*** Begin section ***

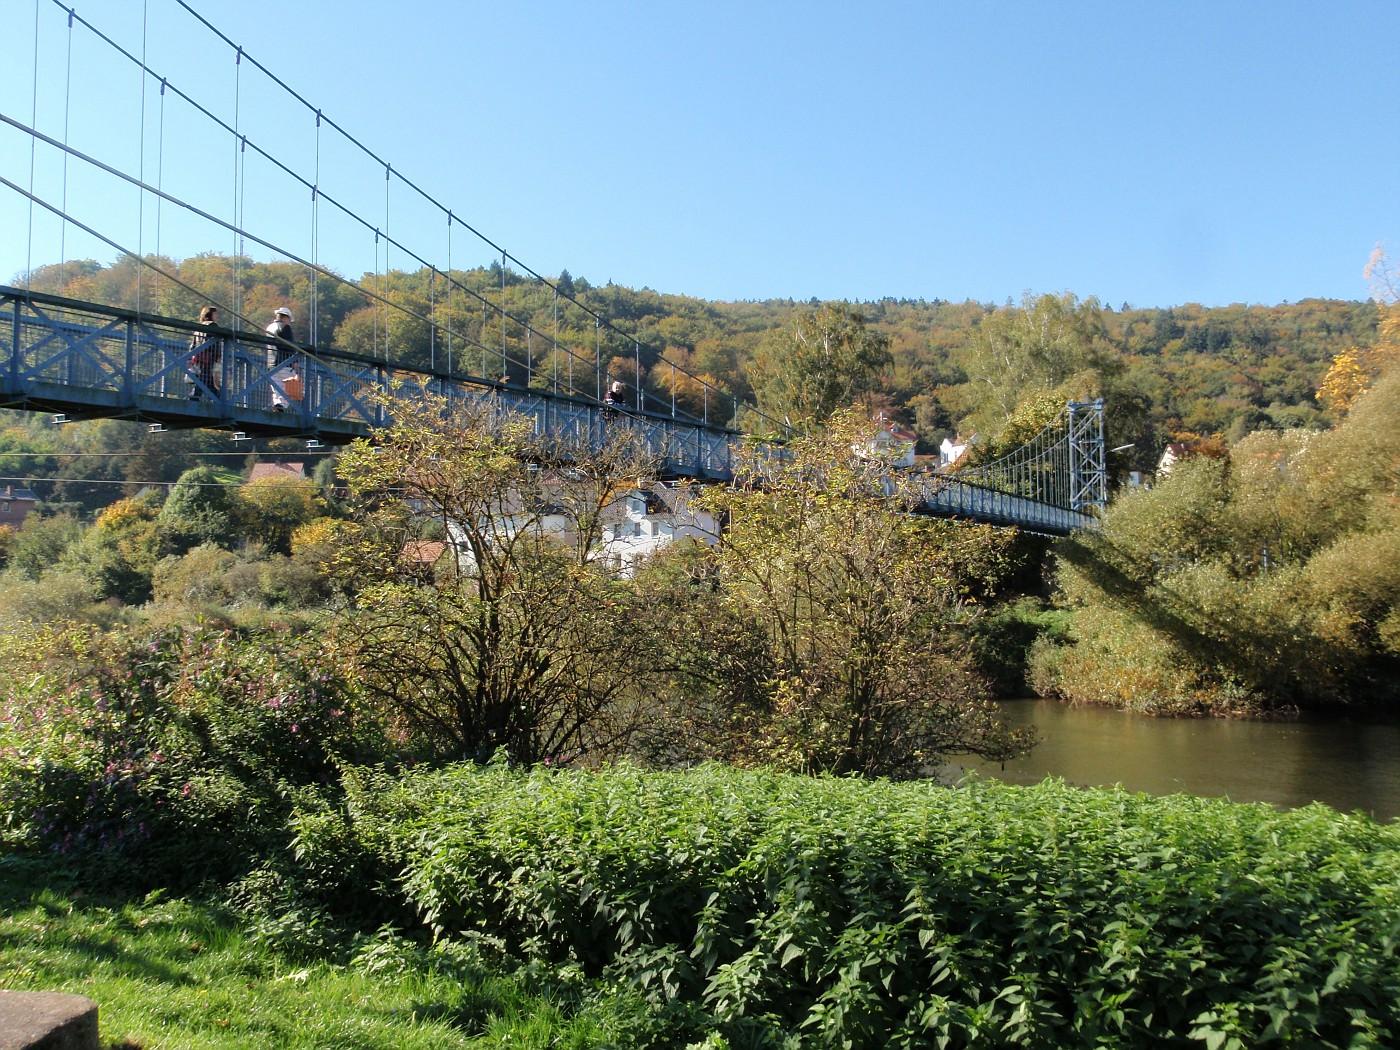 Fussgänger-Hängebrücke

*** End section ***
*** Begin section ***

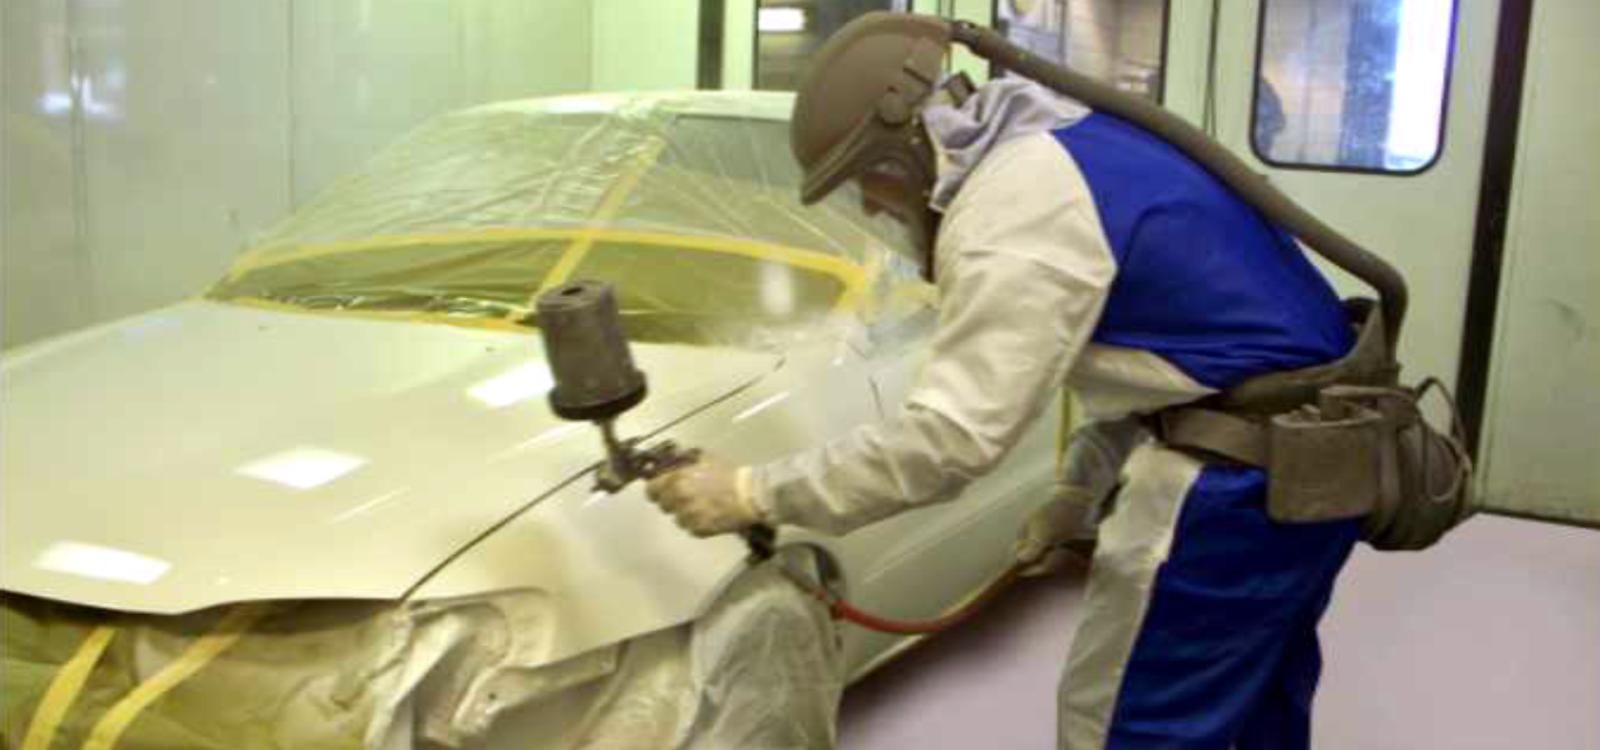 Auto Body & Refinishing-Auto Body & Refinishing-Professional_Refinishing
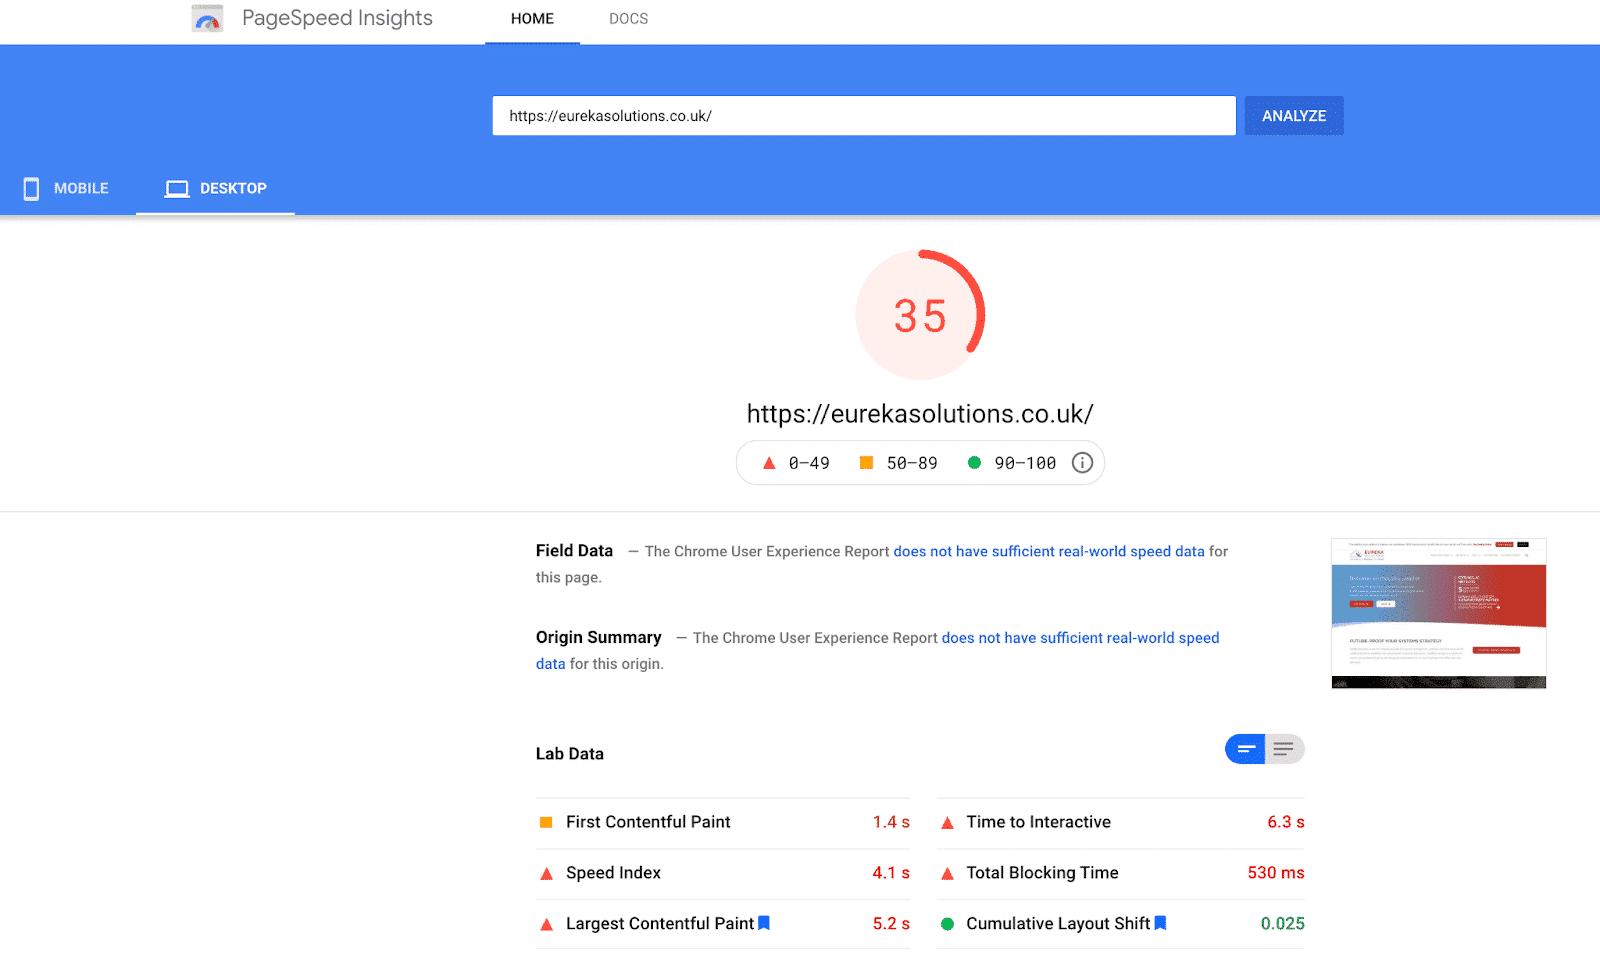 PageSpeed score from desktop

*** End section ***
*** Begin section ***

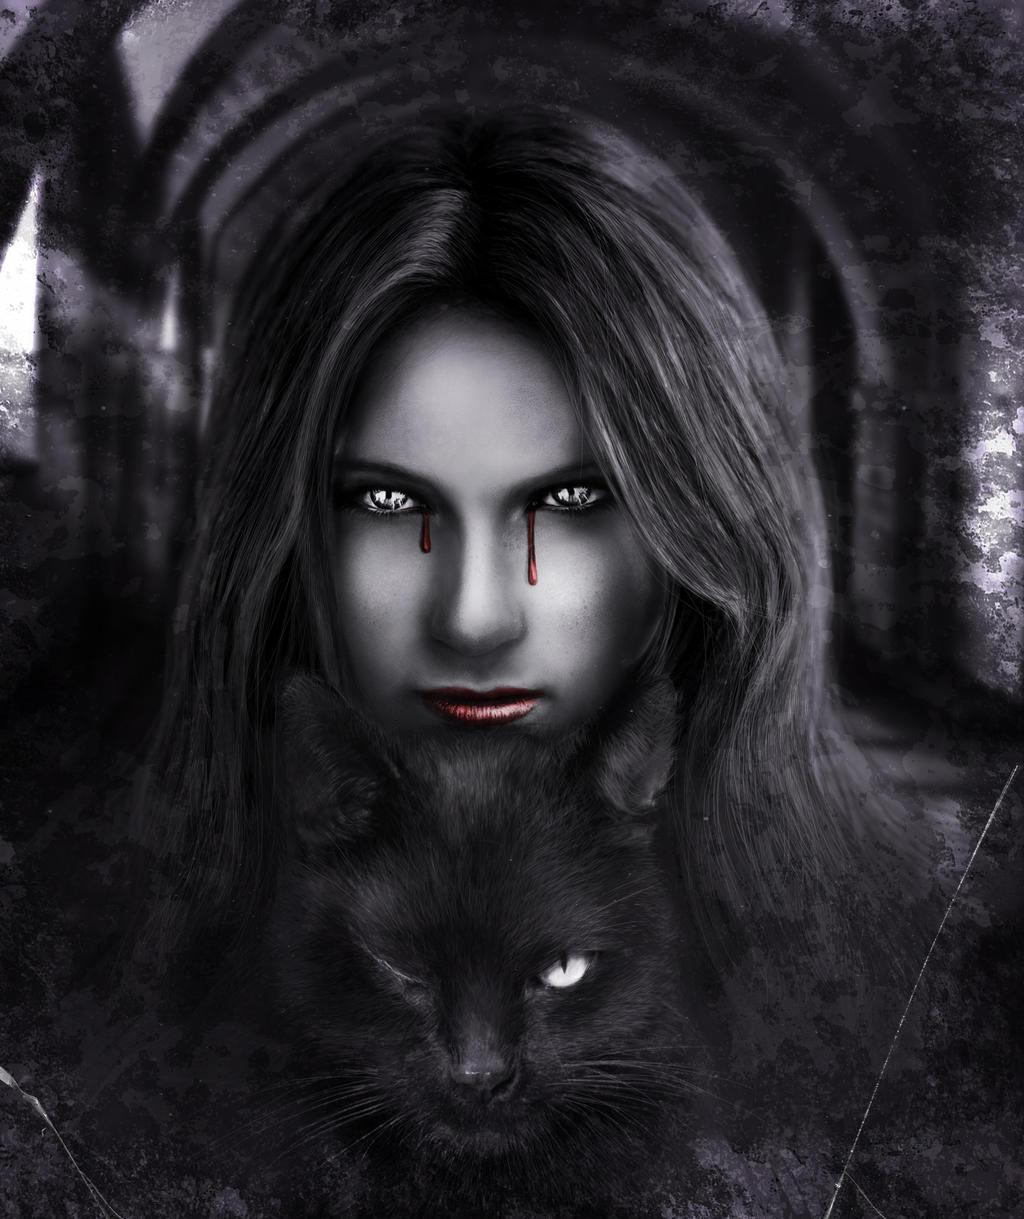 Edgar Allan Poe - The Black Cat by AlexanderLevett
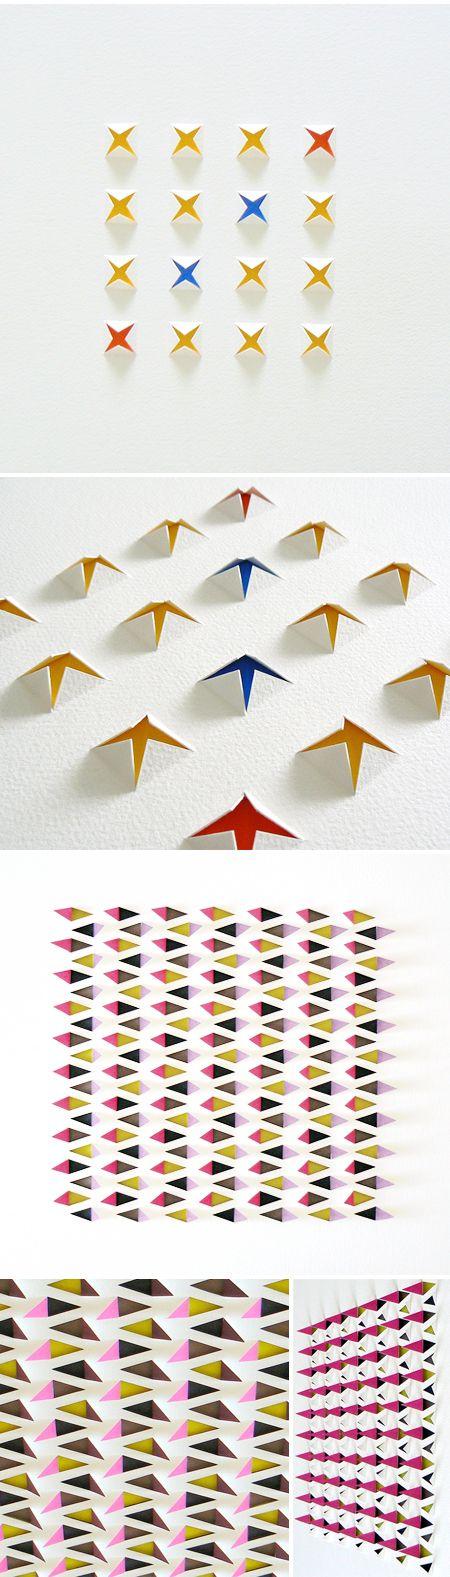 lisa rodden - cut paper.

*** End section ***

> [EXERCISE PROMPT]: Exact repeat of the material above: every line from the one with "Edgar Allan Poe" through the one with "lisa rodden - cut paper.", endpoints included, and nothing more. No pictures.

> [EXERCISE SOLUTION]:
 Edgar Allan Poe - The Black Cat by AlexanderLevett
 lisa rodden - cut paper.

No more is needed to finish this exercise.